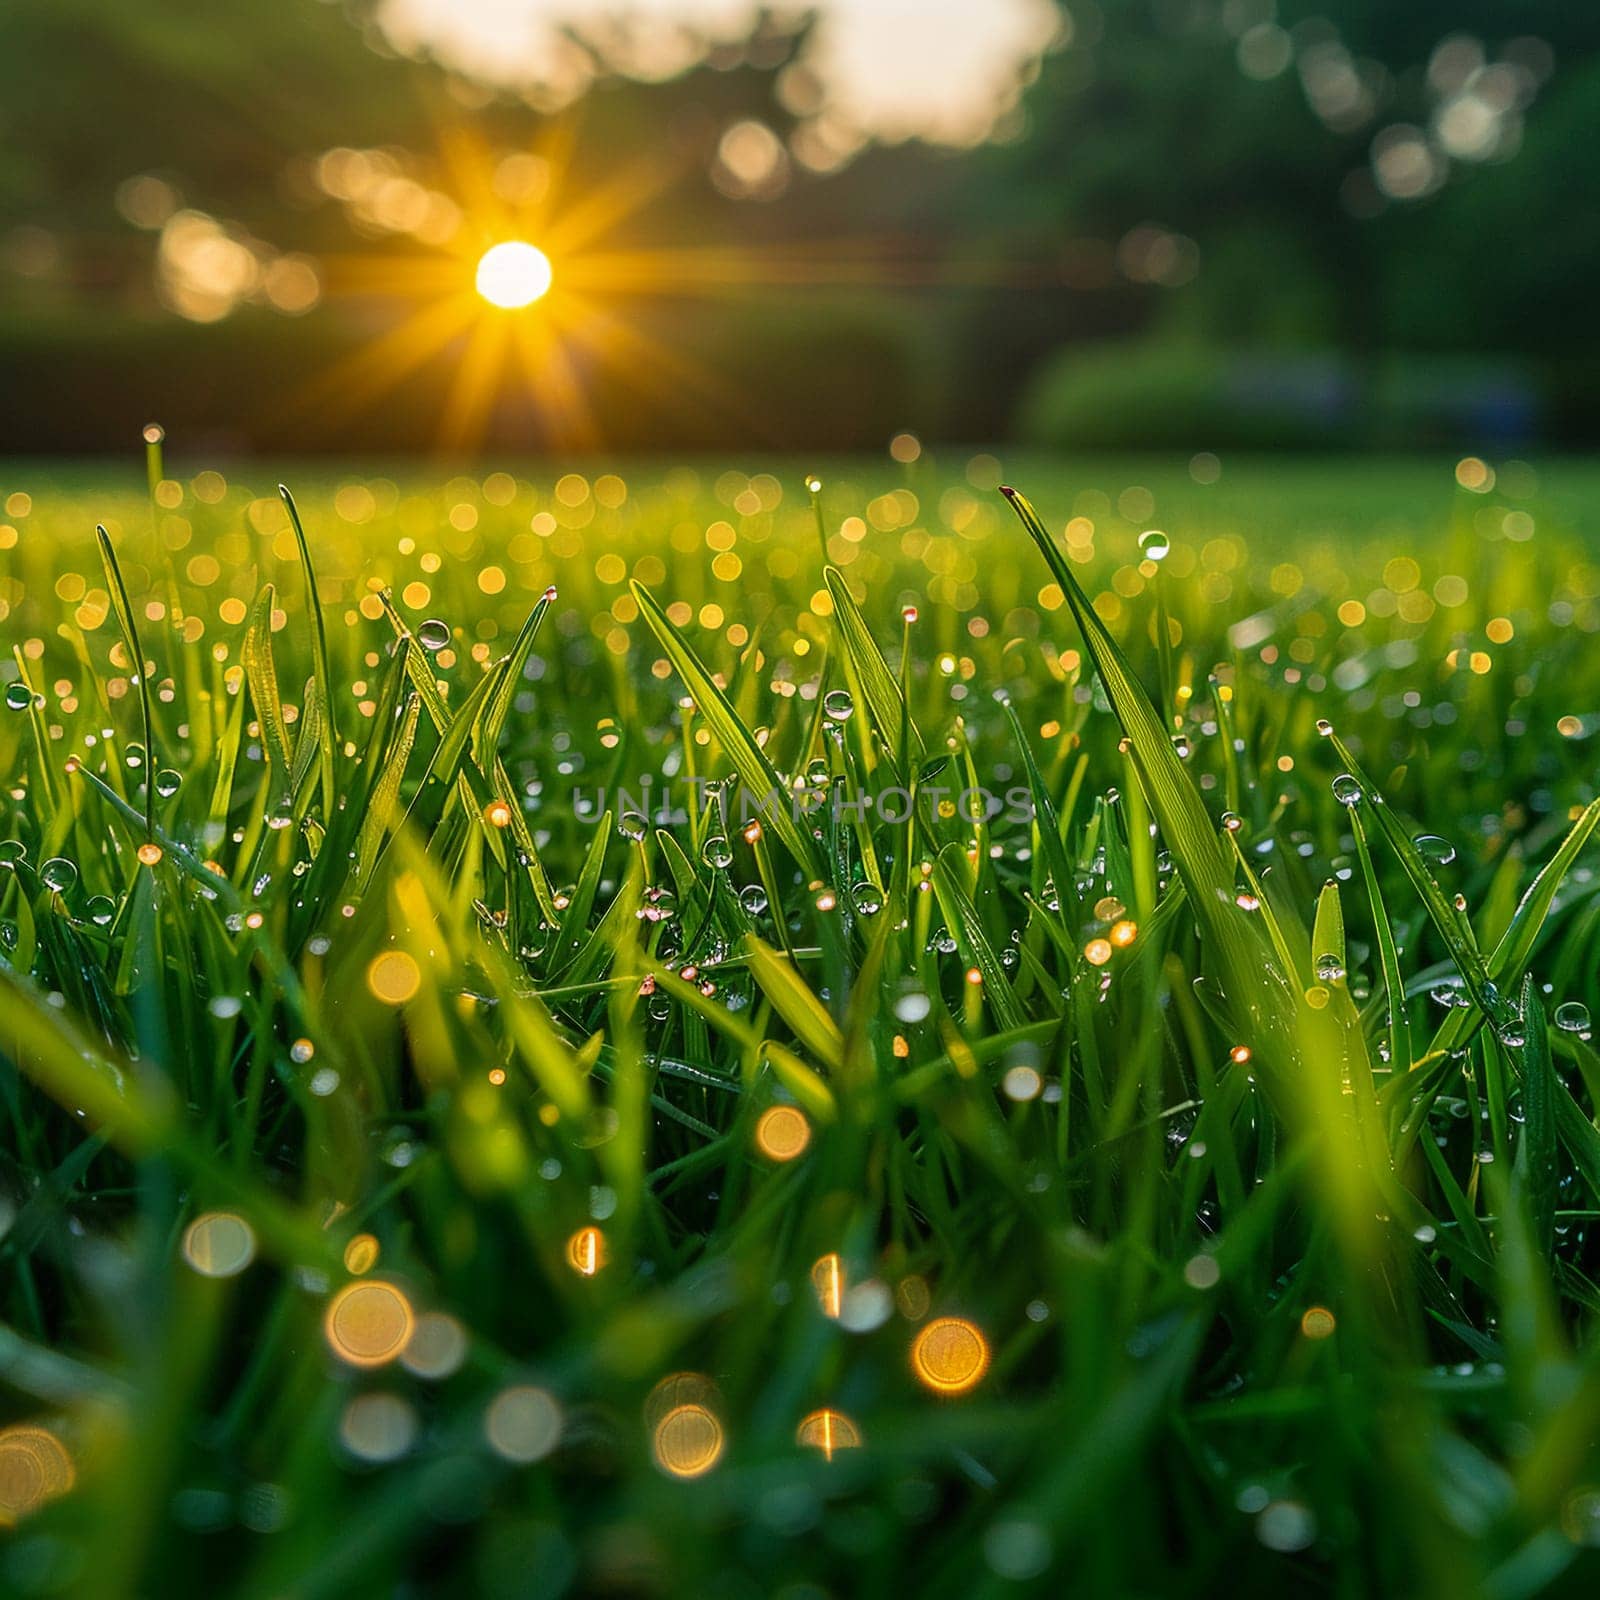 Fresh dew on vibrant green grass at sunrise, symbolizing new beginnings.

- - - -

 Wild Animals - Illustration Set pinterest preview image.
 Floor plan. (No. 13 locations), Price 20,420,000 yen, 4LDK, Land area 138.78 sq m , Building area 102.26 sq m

- - - -

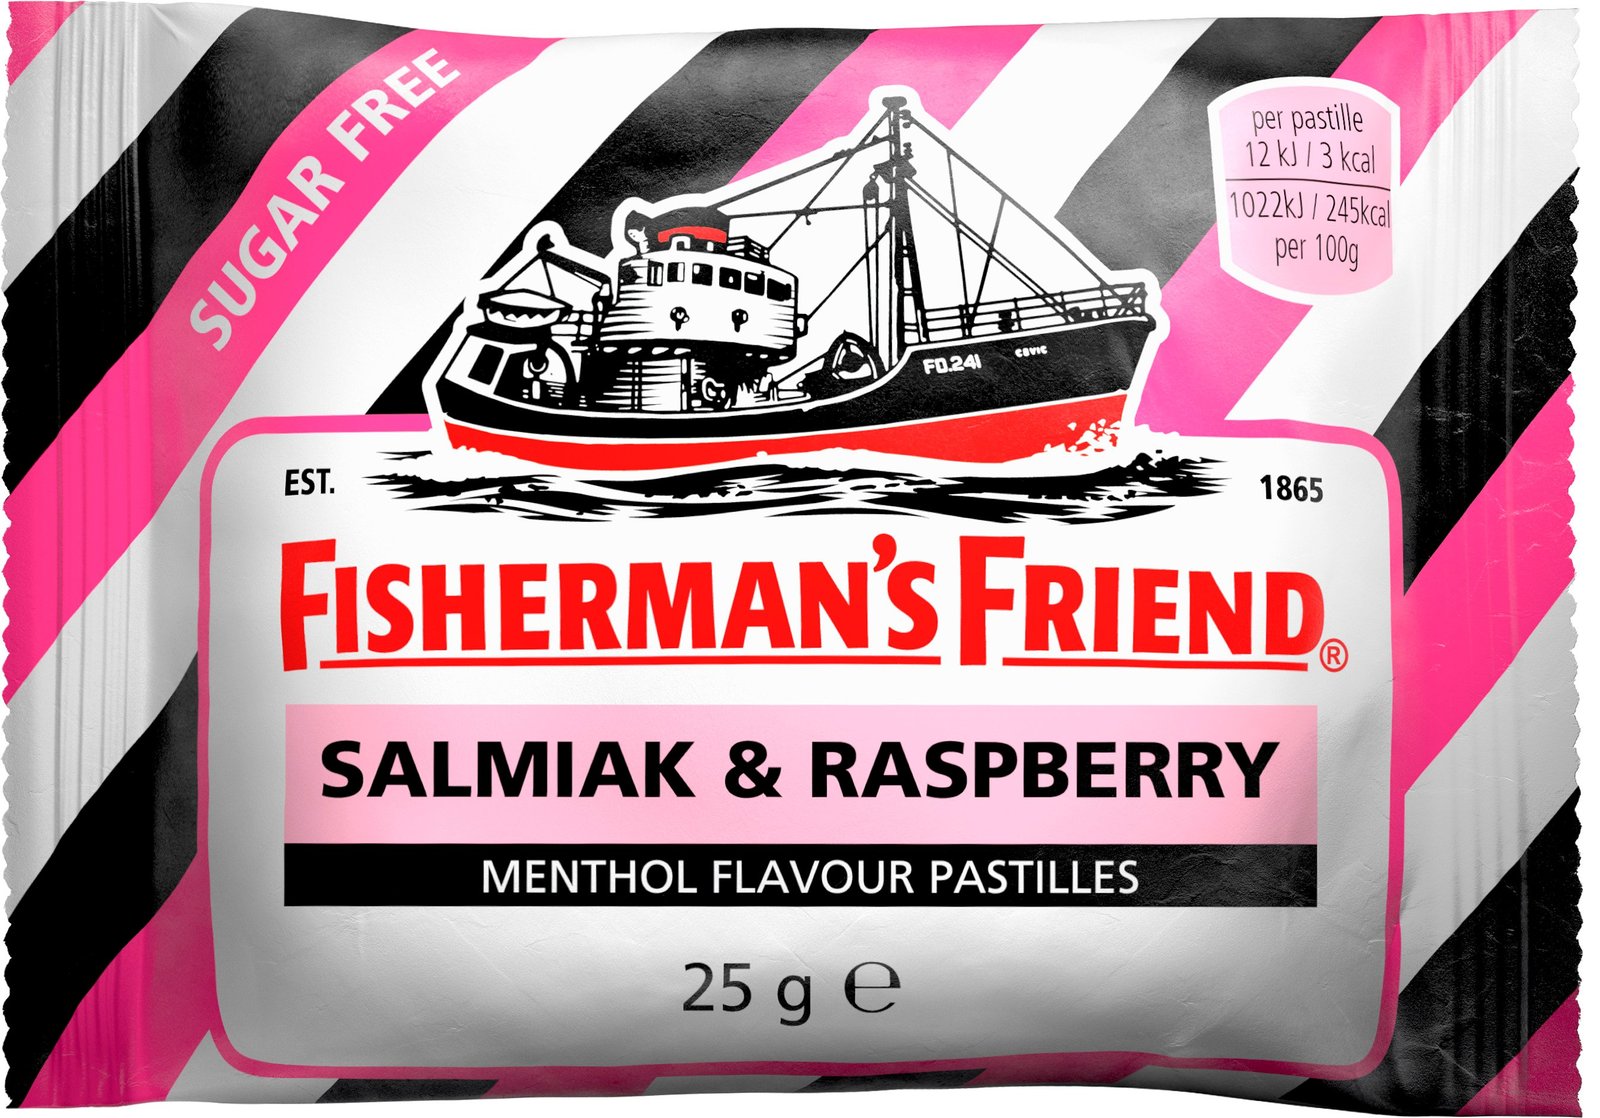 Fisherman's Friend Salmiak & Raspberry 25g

- - - -

* _THE PROBLEM_: Would you copy out exactly the lines above that start at the one containing "Wild Animals - Illustration" and end at the one containing "Floor plan. (No.", inclusive?

* _ANSWER TO THIS PROBLEM_:
 Wild Animals - Illustration Set pinterest preview image.
 Floor plan. (No. 13 locations), Price 20,420,000 yen, 4LDK, Land area 138.78 sq m , Building area 102.26 sq m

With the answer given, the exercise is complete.